Figure 2. Sodium citrate treatment reduced exhaustion and preserved the memory phenotype of CAR-T cells. (A) Intracellular Ca²⁺ levels in CAR-T cells cultured for 3 or 10 days. (B to D) CAR-T cells treated with 6 mM CaCl₂ for 72 hours, with flow cytometry analysis of memory phenotype (B), excessive activation (C), and exhaustion (D) markers. (E) Intracellular Ca²⁺ levels in CAR-T cells and CAR-T cells cultured with the supplementation of 12 mM sodium citrate (CITR CAR-T) measured by flow cytometry. (F, G) Representative flow cytometric profile (F) and histogram (G) of CAR expression on CAR-T cells. (H, I) Representative flow cytometric profile (H) and histogram (I) showing the proportion of Tm cells in CAR-T cells (Tscm + Tcm). (J, K) Histogram plots showing the MFI of CD62L (J) and CD25 (K) in CAR-T cells. (L) TNF-α and IFN-γ release levels by CAR-T cells measured by ELISA. (M) Positive rates of exhaustion markers in CAR-T and CITR CAR-T cells. Results were expressed as mean ± SD from at least 3 independent donors. Statistical significance was determined by t-test (A–E, G, I–K) and two-way ANOVA (L, M). ns, not significant, ***p < 0.001.

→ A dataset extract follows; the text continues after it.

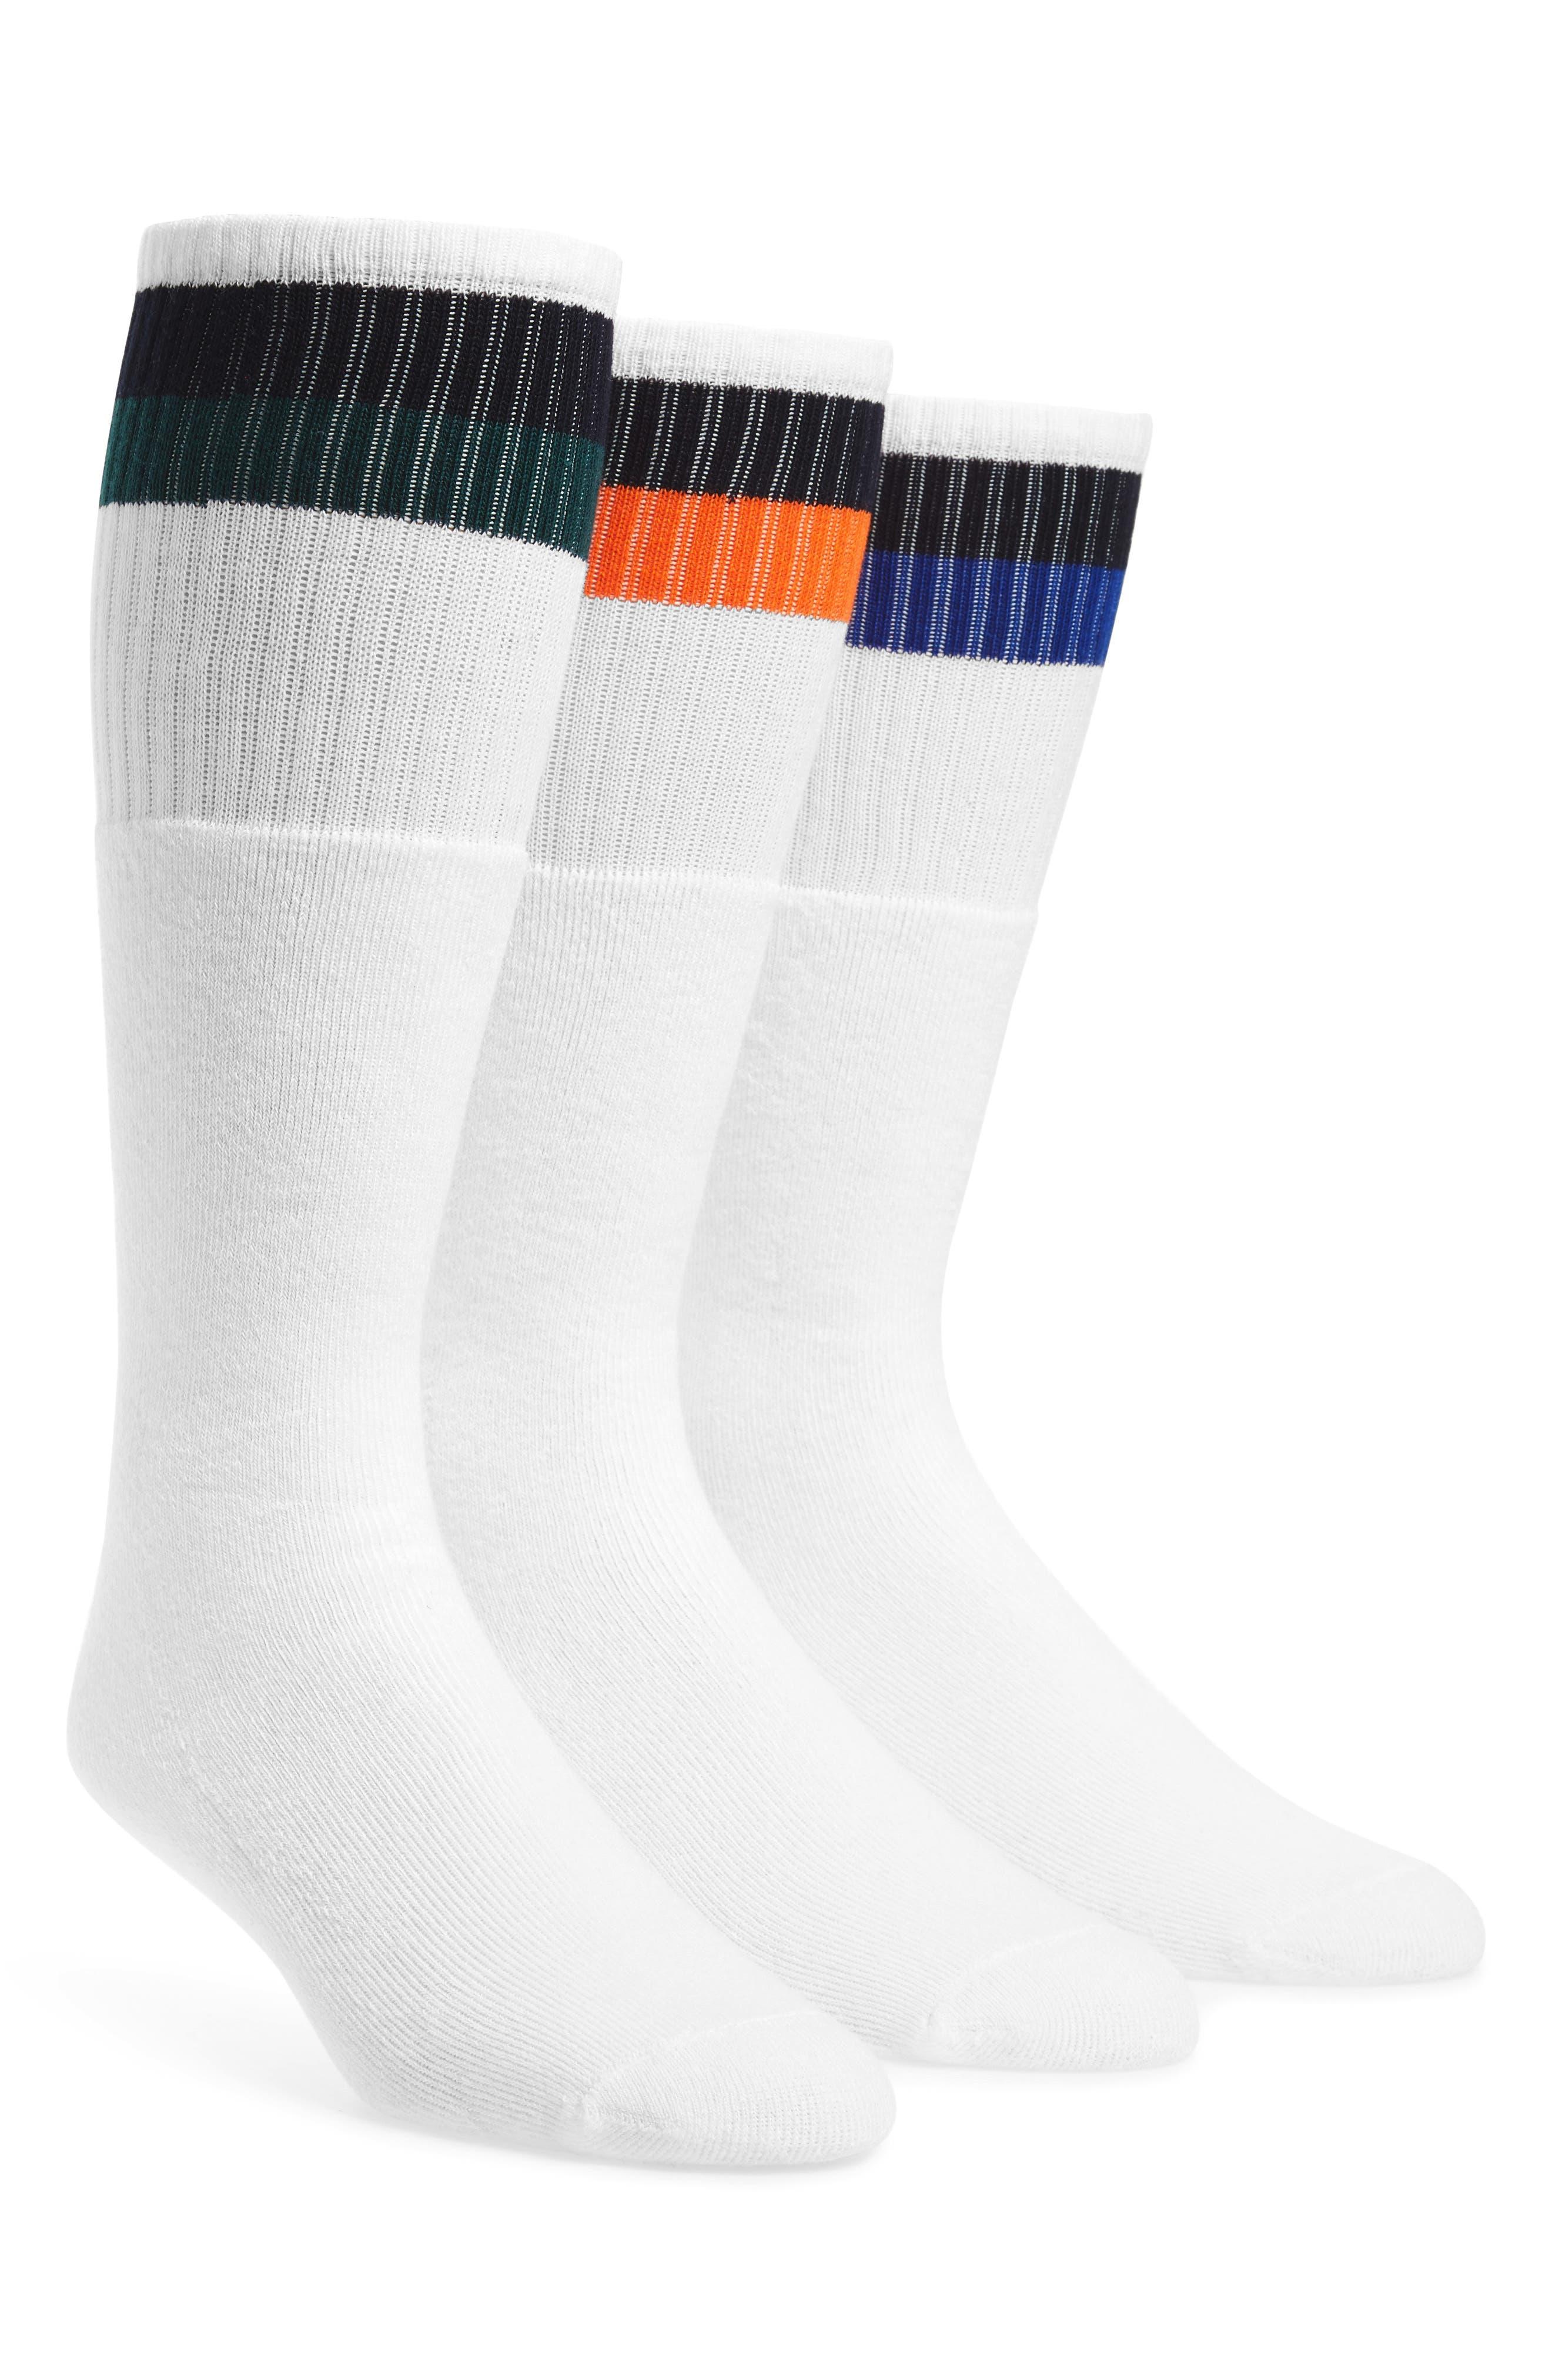 3-Pack Tube Socks,                         Main,                         color, White/ Royal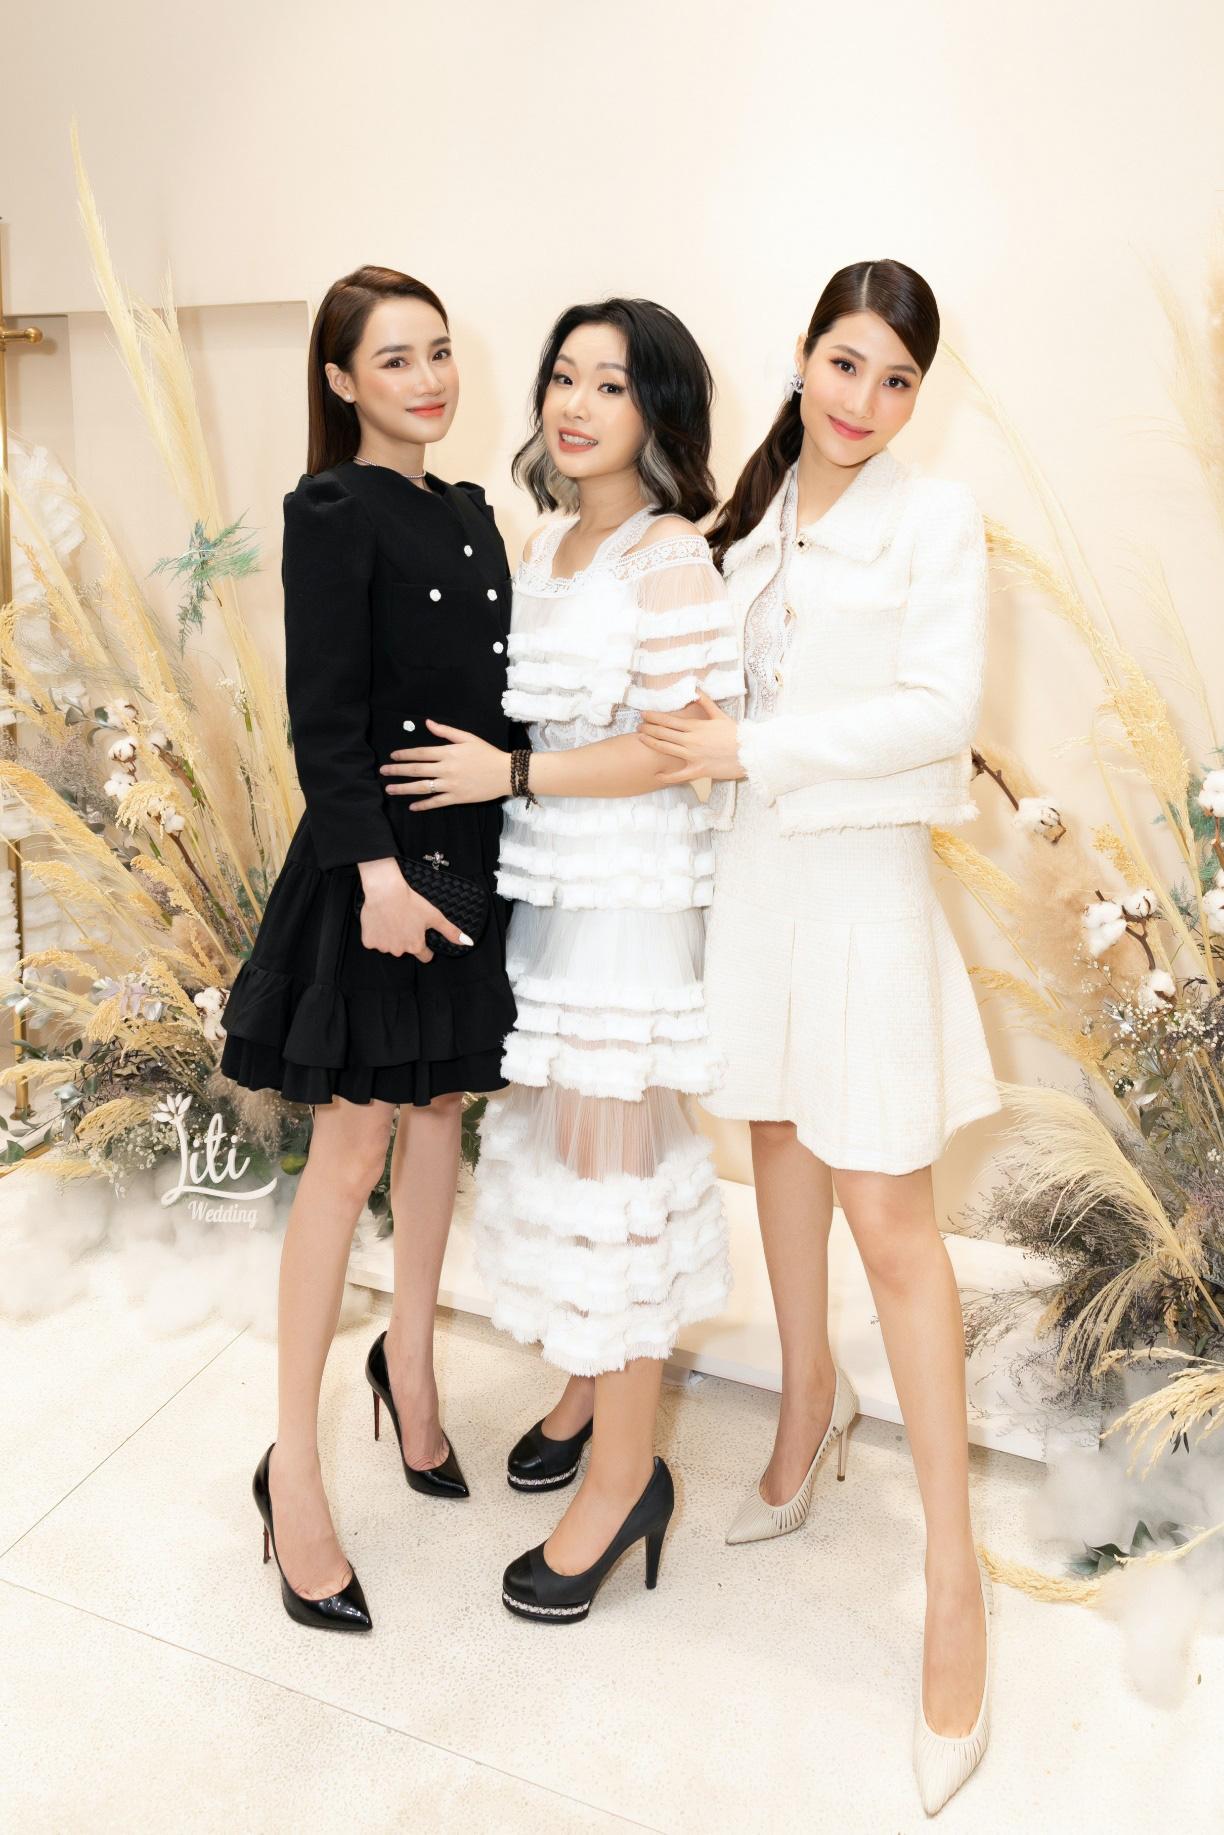 Angela Phương Trinh chính thức trở thành đại sứ thương hiệu thời trang Cindy C. - Ảnh 7.

Given that high intracellular Ca²⁺ levels contribute to T cell exhaustion, we explored calcium signaling inhibition as a strategy to modulate CAR-T cell fate. Among the available inhibitors, sodium citrate was chosen due to its oral availability and minimal safety concerns when applied to CAR-T cells. We next assessed whether sodium citrate supplementation during CAR-T cell culture could mitigate the negative effects of tonic signaling. To identify an optimal sodium citrate concentration—high enough to inhibit intracellular calcium signaling but not adversely affect CAR-T cell proliferation—we first screened a broad range of concentrations (0 to 160 mM) over three days. Sodium citrate concentrations below 10 mM had no significant effect on CAR-T cell proliferation, while concentrations above 20 mM significantly inhibited proliferation (Supplementary Figure S4A). We then refined the concentration range (10 to 18 mM) and cultured CAR-T cells for 13 days. A concentration of 12 mM sodium citrate did not significantly impair CAR-T cell proliferation (Supplementary Figure S4B), so this concentration was selected for subsequent experiments.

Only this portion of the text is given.